I wish I can tell you that once is all it takes.
I wish I can tell you that you can know a person’s entire life – his dreams and his stories, his regrets and his nightmares – after one conversation. I wish I can tell you that you can understand a city’s history and predict its future after walking the cobblestones that line its paths once. I wish I can tell you that you can know what the earth looks like – its imperfections and details, the crevices that form it and the terrain that runs through its bosom – after one sweeping look as you seemingly straddle the world on top of one mountain.

The Monolith in Pico de Loro, Cavite, Philippines. Photo by Joey Torres (I’m that girl in yellow!)
I wish I can tell you that getting lost once will take you to your destination – and all destinations thereafter; that one photo is enough to make you realize how majestic the Golden Gate is, or El Nido in the Philippines, or the rolling sand dunes and oases that border the countries of the Middle East; that leaving your comfort zone one time – to jump on a plane and experience the way the other side of the world travels – is enough to give you a taste of the earth.

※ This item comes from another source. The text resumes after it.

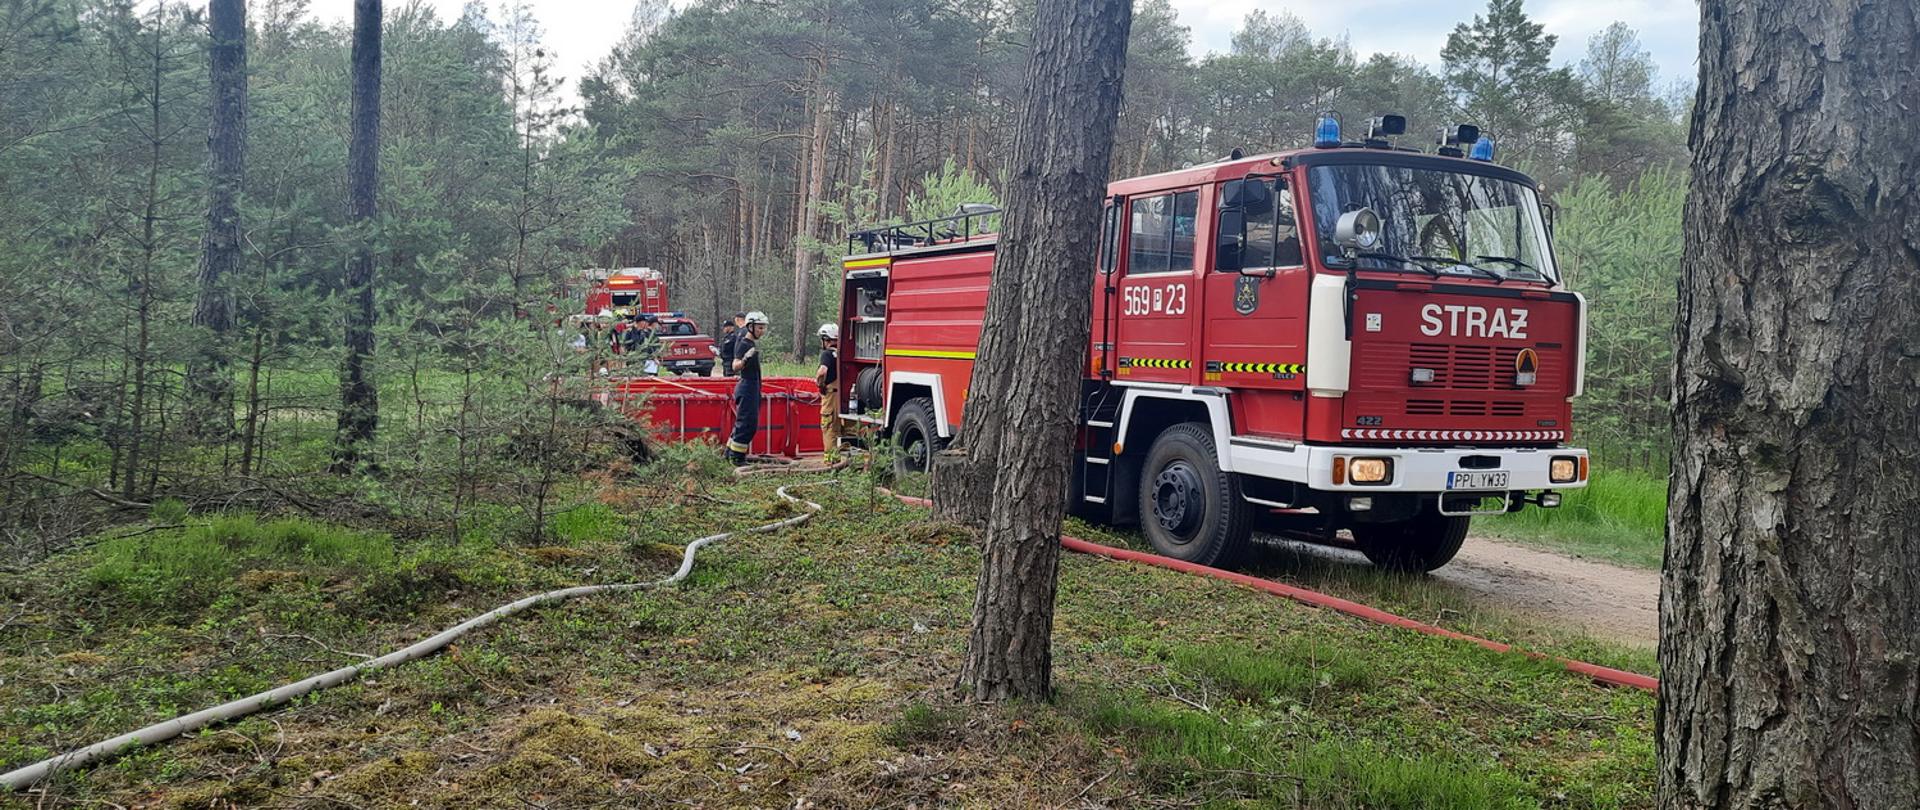 Wóz strażacki stoi na leśnej ścieżce, za nim widoczny brezentowy zbiornik na wodę i znajdujący się przy nim strażacy

Our boat (with the Qatar flag) in El Nido, Palawan, Philippines. Photo by me.
Unfortunately, I’d be lying if I did.
Because inasmuch as I’d like to say that once is all it takes, I know it isn’t true; most of the time, once isn’t enough.
People have always asked me why I preferred to leave home time and time again to go to places – some of which I’ve been to, many of which I’m unfamiliar with, and I tell them it’s because I’ve learned that I always see things for the first time, no matter how many times I come back. Bemused – and polite – they tell me to go on; and I do, though perhaps they secretly wish I wouldn’t. I tell them about life’s unpredictability, and humanity’s equally ever-changing ways. I tell them that no matter how many times I’d ride the same boat and hop among the same islands, I’m never the same person.
True, many constants remain – the oceans are still cerulean, the mountains still imposing, and the world still beautiful despite our almost Herculean efforts to spoil it; but other things are much more flexible – our moods, our experiences, our lives, our stories. I travel because even if I’ve swam the Pacific a hundred times, I still cannot grasp its entirety; even if I’ve conversed with the Bedouins on a daily basis, I am still not able to fully understand their lives; even if I’ve traversed my favourite mountain more times than I can count, I still regale in the beauty of the earth every time I reach the summit; even if I’ve seen the clouds from the windows of all the planes I’ve traveled on since I was a baby, I still love to trace patterns, new shapes and fictitious animals, with my index fingers when I’m a thousand feet above the ground.

Riding the ATV in Sealine, Qatar. Photo by PJ Javier.
I love to travel because everything’s new, even in the places that I’ve been going to all my life… mostly, and more importantly, because I’m new. Because while I haven’t undergone tremendous changes during the two years that I last used an ATV on the Doha dunes and now, I’m not the same person I was. Now I notice things I didn’t notice before, or chose not to, because I was too busy figuring out how to manoeuvre my vehicle. Now I see how the sun’s positions change the sand’s colours, I feel how the sand is fine against my callous feet, and I notice the heat twisting my burnt hair into a frizz I won’t be able to contain. I’m not going to see everything now, though, and if I were to be completely honest, I don’t think I mind; after all, isn’t that what my next visit will be for?